What you need to do
Every record must be transcribed in its entirety, apart from the images, which are to be omitted.

Dataset records
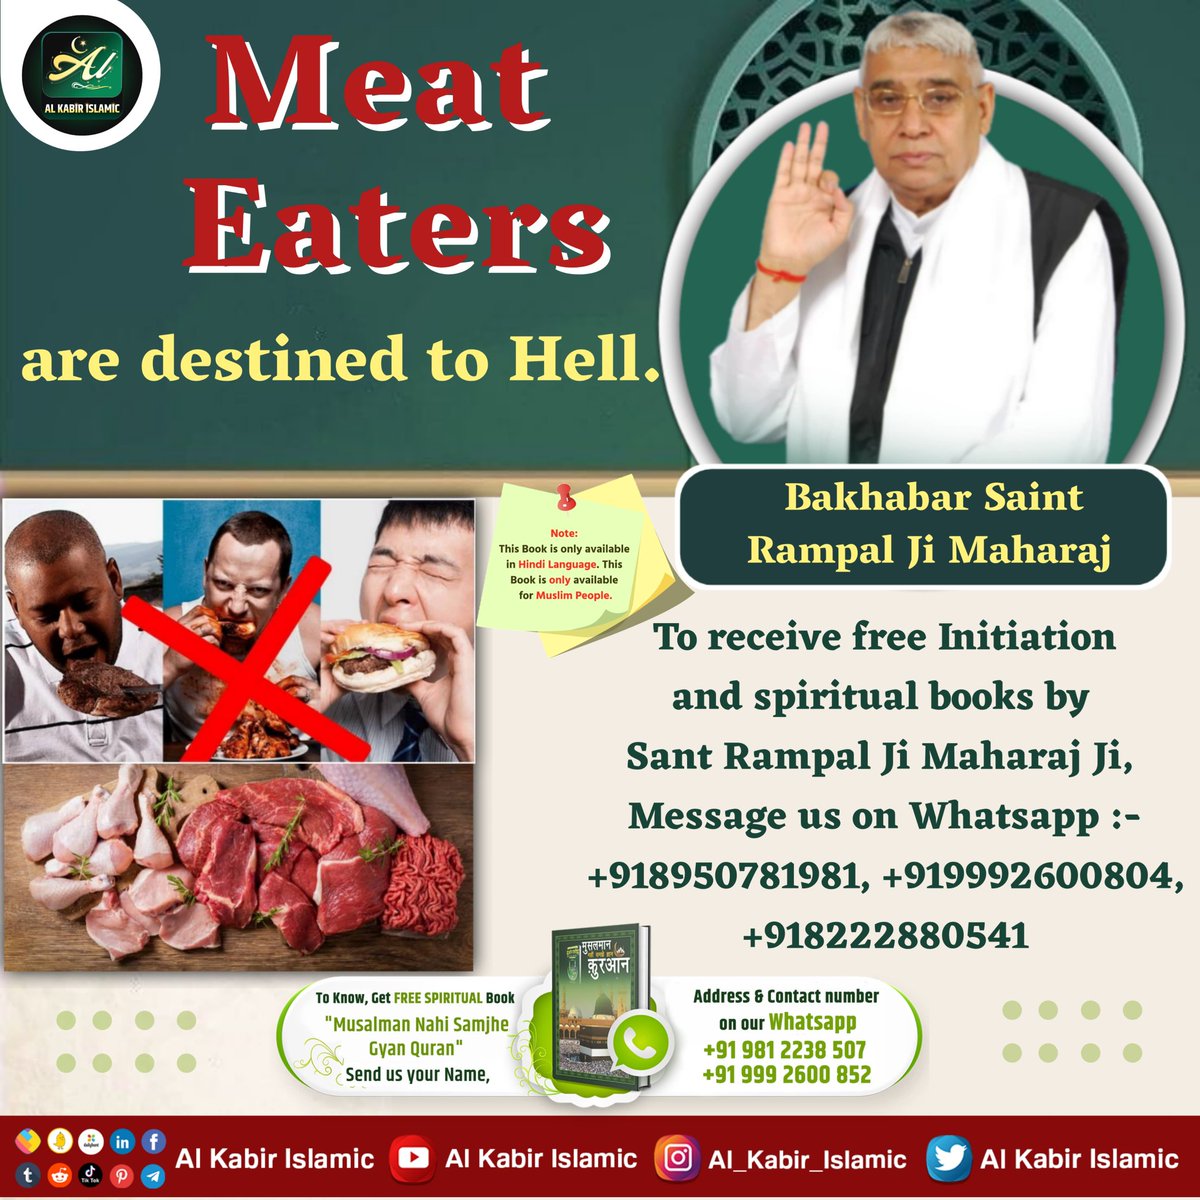 #GodMorningThrusday
STOP EATING MEAT!
Meat Eaters are destined to hell.
#AlKabir_Islamic
#SaintRampalJi
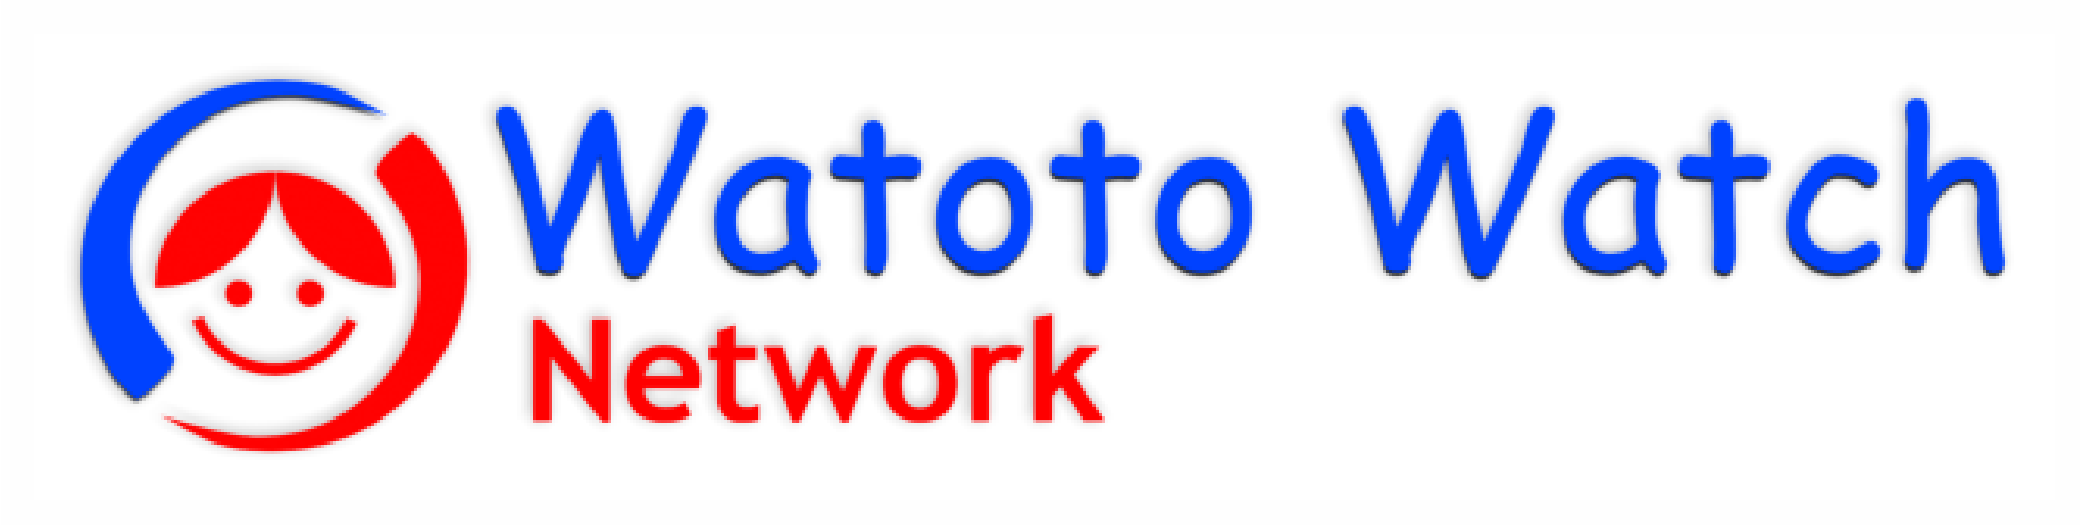 Watoto Watch Network

Task solution
 #GodMorningThrusday
STOP EATING MEAT!
Meat Eaters are destined to hell.
#AlKabir_Islamic
#SaintRampalJi
 Watoto Watch Network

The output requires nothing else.